The Supreme Court is set to hear arguments from Goldman Sachs in a long-running case that could have major implications for shareholders seeking to bring securities-fraud lawsuits.
Arguments are scheduled to begin at 10 a.m. ET Monday and will be streamed live as the court continues to meet remotely as a precaution against Covid-19.
The case, which dates to the Great Recession, concerns statements that the investment bank made while it was marketing “Abacus,” an investment known as a synthetic collateralized debt obligation.
Goldman advertised Abacus to its clients without disclosing that hedge fund manager John Paulson played a role in selecting its portfolio of subprime mortgages. Paulson’s hedge fund, Paulson & Co., had placed enormous bets on Abacus’ failure.
After Abacus collapsed amid the housing crisis, Paulson made $1 billion and Goldman’s customers lost about the same amount. Goldman ultimately paid $550 million to settle fraud charges brought by the Securities and Exchange Commission in 2010 — the largest ever penalty faced by a Wall Street bank. In the settlement, the bank didn’t admit or deny the allegations.
The shareholders bringing the lawsuit, including the Arkansas Teacher Retirement System and a pension fund for plumbers and pipefitters, have said they lost as much as $13 billion when Goldman’s stock tumbled following disclosures of the SEC’s fraud investigation.
The shareholders alleged that Goldman was lying when it made claims like “Integrity and honesty are at the heart of our business” and “Our clients’ interests always come first” even while marketing Abacus and other CDOs that it had bet against.
Those statements, the shareholders said, kept Goldman’s stock artificially high.
Goldman has argued that the statements the shareholders cited are too vague and generic to be the basis of a securities-fraud case. The bank has also argued that the statements didn’t affect the stock price.
While many securities-fraud cases stem from false comments that cause a share price to rise, the Goldman shareholders are arguing instead that Goldman’s alleged manipulation was “inflation maintenance,” or preventing the stock from falling. The Supreme Court has never recognized such an argument, though some lower courts have acknowledged it.

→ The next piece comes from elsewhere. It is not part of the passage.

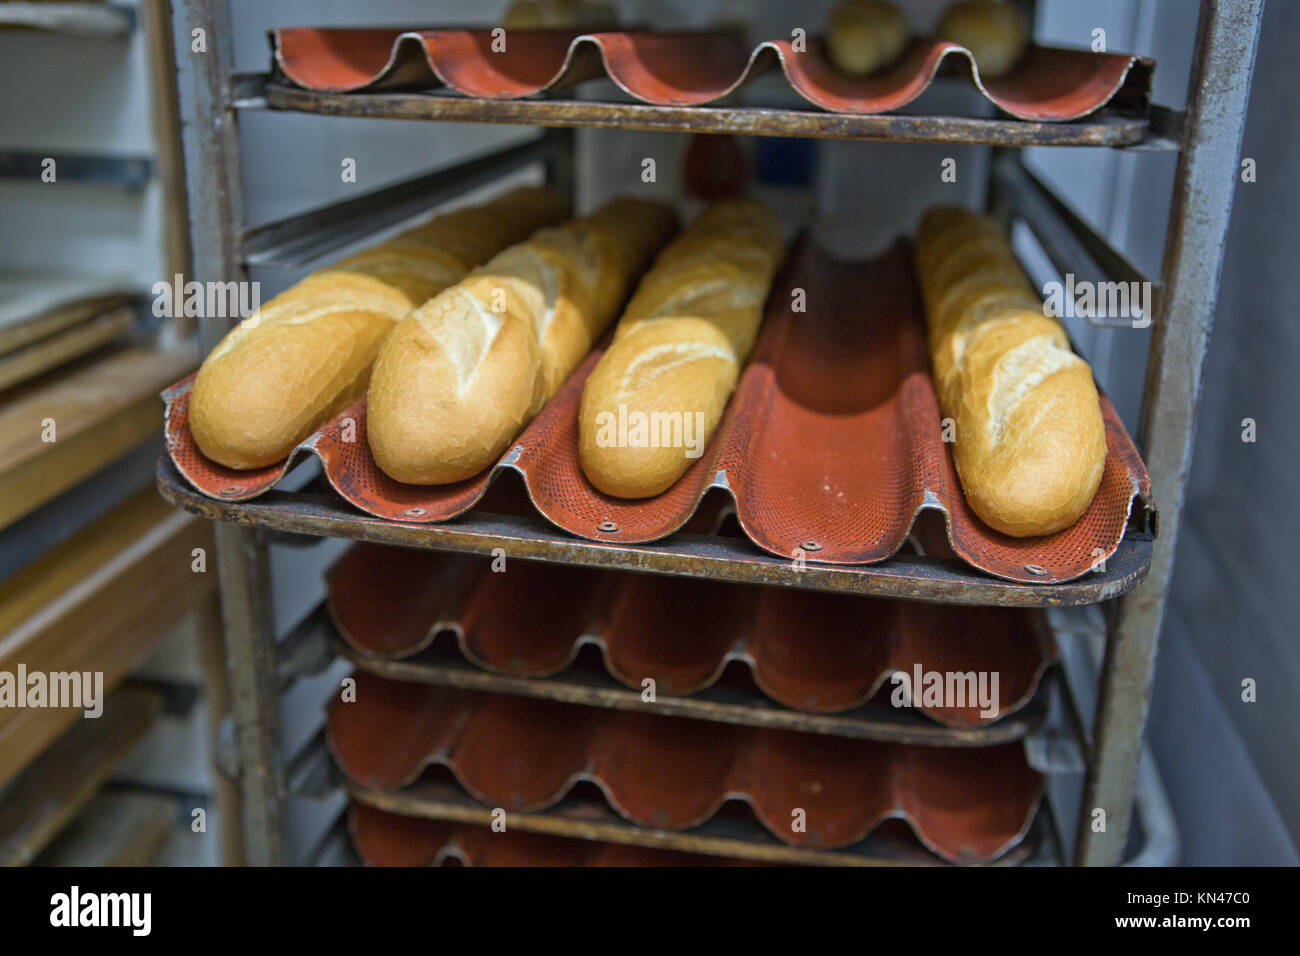 Filas de pan de baguette panes en racks en una panadería. Foto de stock

The shareholders, who have been litigating since 2011, are seeking to bring the case as a class action on behalf of all the purchasers of Goldman stock between February 2007 and June 2010.
A district court has twice said that the shareholders may do so, and the 2nd U.S. Circuit Court of Appeals approved that decision in April.
Goldman asked the Supreme Court to review the 2nd Circuit’s decision, saying that allowing it to stand would be “devastating” for public companies. It has called the case the most important securities case to come before the Supreme Court since 2014, when the justices ruled in a case involving oil-field services giant Halliburton.
Goldman attorney Kannon Shanmugam, a partner at the firm Paul, Weiss, wrote in court papers that a loss for the bank would mean that shareholders bringing securities-fraud suits in the future would be able to cite “boilerplate aspirational statements that nearly all companies make.”
In a friend-of-the-court brief, the Society for Corporate Governance wrote that the 2nd Circuit’s opinion could have a chilling effect on companies seeking to make statements promoting diversity or opposing harassment in the workplace.
The decision gives “companies a financial incentive to stay silent on important social issues, out of fear that even generalized or aspirational statements will become the basis for allegations of crippling securities-fraud liability,” wrote Jeremy Marwell, an attorney for the group and a partner at the firm Vinson & Elkins.
On the other side, financial transparency groups have argued that Goldman should be held accountable.
Stephen Hall, legal director at Better Markets, which filed a brief in support of the shareholders, said Goldman’s argument was “strained.”
“As we explain in the brief, even before the ABACUS deal, the bank’s top executives knew full well that they were increasingly engaging in deals that presented stark conflicts of interest, and they also knew they had to do a better job of managing those conflicts,” Hall said in a statement.
“Yet any such good intentions were completely abandoned — along with honest disclosures — as the bank aggressively sought to profit from the downward-spiraling mortgage market in 2007, at the huge expense of investors and ultimately shareholders,” he added.
Barbara Roper, director of investor protection at the Consumer Federation of America, said a win for Goldman “would let companies off the leash, ushering in a wide range of misleading behavior that could materially harm U.S. investors.”
In the brief, the DOJ urged the justices to reverse the 2nd Circuit’s opinion and order the appeals court to consider the case again while giving more consideration to Goldman’s argument that its statements were too generic to have affected the share price.
Shanmugam will represent Goldman in Monday’s arguments. The shareholders will be represented by Tom Goldstein, a veteran Supreme Court lawyer who is known for publishing SCOTUSBlog. Sopan Joshi, a Justice Department lawyer, will represent the United States.
A decision in the case is expected by the summer.
The case is Goldman Sachs Group v. Arkansas Teacher Retirement System, No. 20-222.